Nimble 20

Development
- Designer: Edward S. Brewer
- Location: United States
- Year: 1986
- Builder: Nimble Boats

Boat
- Displacement: 2,600 lb (1,179 kg)
- Draft: 4.08 ft (1.24 m) with centerboard down

Hull
- Type: monohull
- Construction: fiberglass
- LOA: 20.83 ft (6.35 m)
- LWL: 19.75 ft (6.02 m)
- Beam: 7.75 ft (2.36 m)
- Engine: outboard motor

Hull appendages
- Keel: stub keel with centerboard
- Ballast: 600 lb (272 kg)
- Rudder: transom-mounted rudder

Rig
- Rig type: Ketch

Sails
- Sailplan: fractional rigged ketch
- Total sail area: 207.00 sq ft (19.231 m^{2})

Racing
- PHRF: 288

= Nimble 20 =

1980s US recreational keelboat

The Nimble 20 is a recreational keelboat built by Nimble Boats in the United States from 1986 until about 1991, but it is now out of production.

==Design==
The Nimble 20 is a built predominantly of fiberglass, with wood trim. It has a fractional ketch rig, a canoe hull, a rounded plumb stem, an angled transom, a transom-hung rudder controlled by a tiller and a fixed stub keel with a retractable centerboard. It displaces 2600 lb and carries 600 lb of ballast.

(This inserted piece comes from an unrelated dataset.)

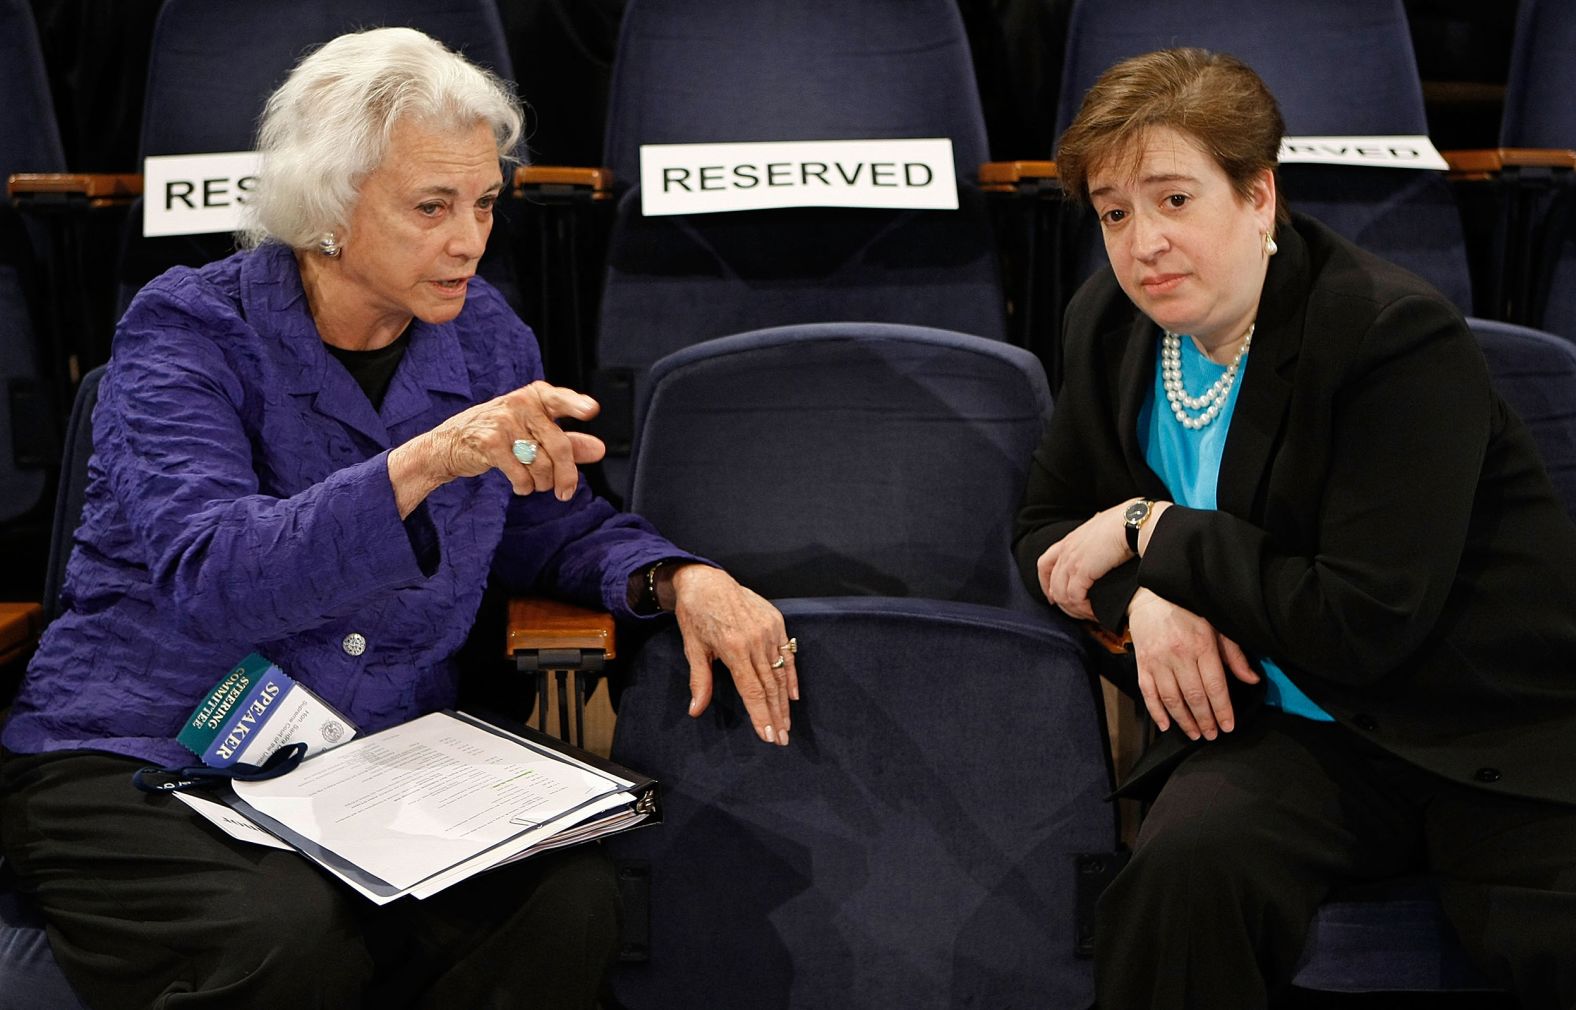 O'Connor talks with Solicitor General Elena Kagan during a forum in Washington, DC, in 2009. Kagan was nominated to the Supreme Court in 2010.

The boat has a draft of 4.08 ft with the centerboard extended and 0.92 ft with it retracted, allowing beaching or ground transportation on a trailer.

The boat is normally fitted with a small well-mounted 3 to 6 hp outboard motor for docking and maneuvering.

The design has sleeping accommodation for four people, with a double "V"-berth in the bow cabin and two straight settees in the main cabin. The head is located in the bow cabin on the starboard side. Cabin headroom is 51 in.

The design has a PHRF racing average handicap of 288 and a hull speed of 6.0 kn.

==Reception==
In a 2010 review Steve Henkel wrote, "...you can sail in strong winds without the main, under jib and 'jigger' (ie., the mizzen). You can control any tendency of the boat to dance around her mooring by hoisting the mizzen alone. You can sometimes balance the helm of an otherwise finicky boat by fine-tuning the mizzen sheet along with the centerboard ... Best features: Her traditional looks appeal to us ... Worst features: Her PHRF is at the high end, indicating that her overall speed potential is below that of her comp[etitor]s, despite her high-end [hull speed] due to her long waterline. Her speed performance under sail compared to comp[etitor]s is probably a result of a combination of small sail area, split rig, and her hard chine bull shape, which tends to pound a bit in a chop."